_GIVEN DATA_

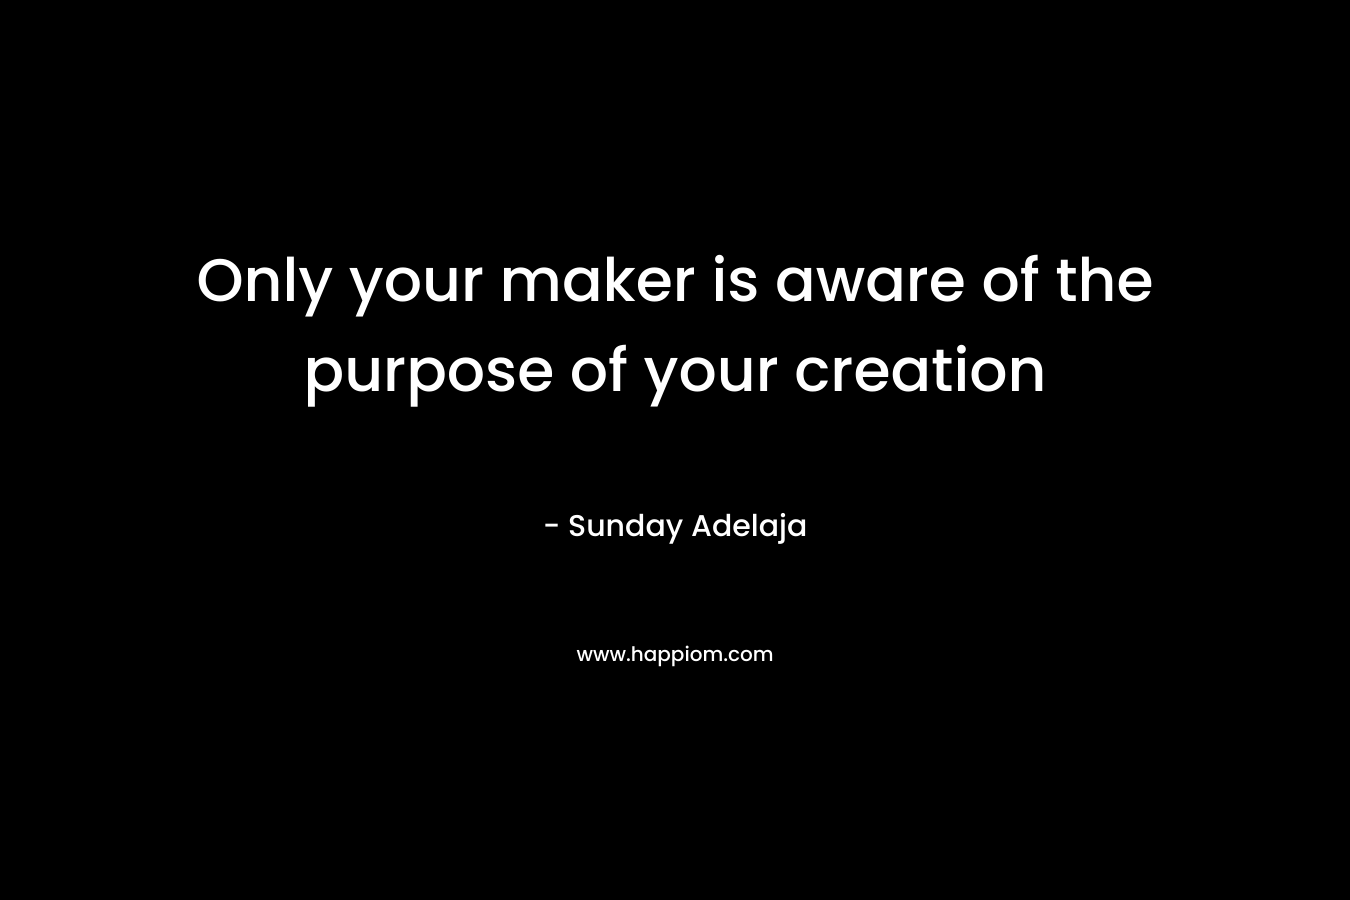 Only your maker is aware of the purpose of your creation
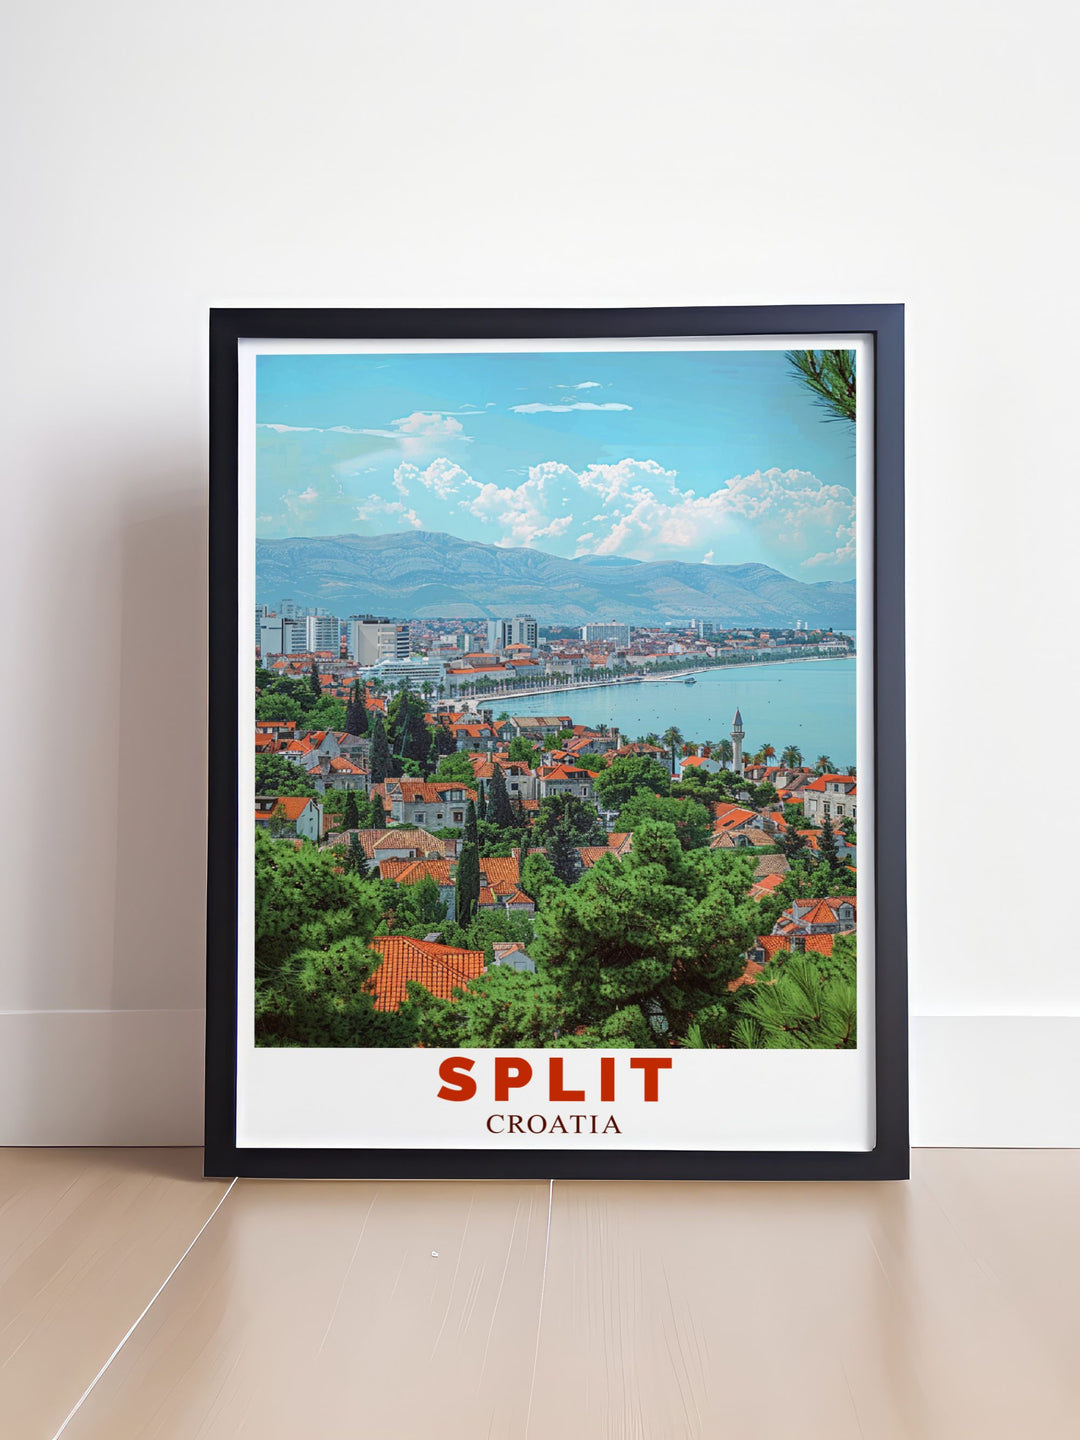 Marjan Hill in Split is beautifully illustrated in this poster, showcasing its serene natural beauty and panoramic vistas, perfect for art lovers and outdoor enthusiasts.
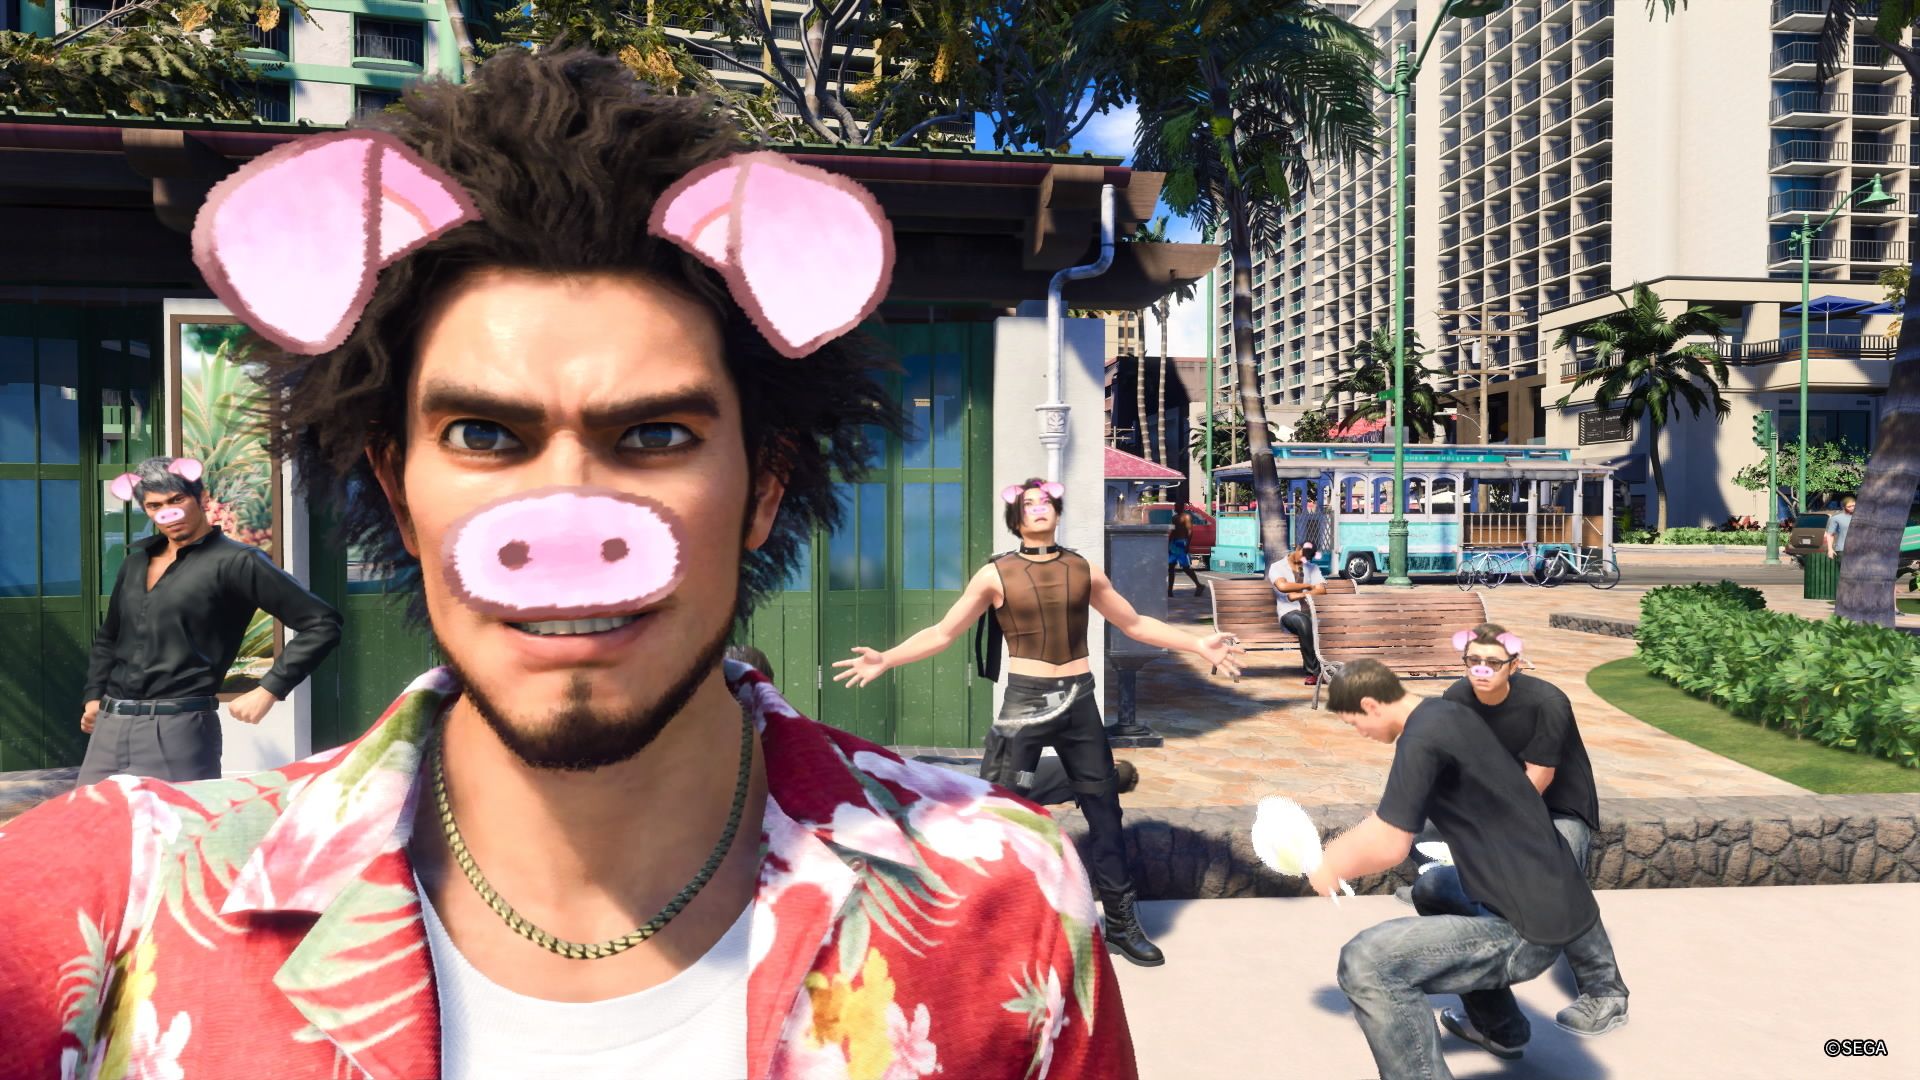 A man taking a selfie with a cartoon pig filter, in the background, more men with pig filters are posing

_TASK GOAL_
Every last line above must be reproduced as written, and no pictures belong in the copy.

_OUTPUT_
 Only your maker is aware of the purpose of your creation
 Marjan Hill in Split is beautifully illustrated in this poster, showcasing its serene natural beauty and panoramic vistas, perfect for art lovers and outdoor enthusiasts.
 A man taking a selfie with a cartoon pig filter, in the background, more men with pig filters are posing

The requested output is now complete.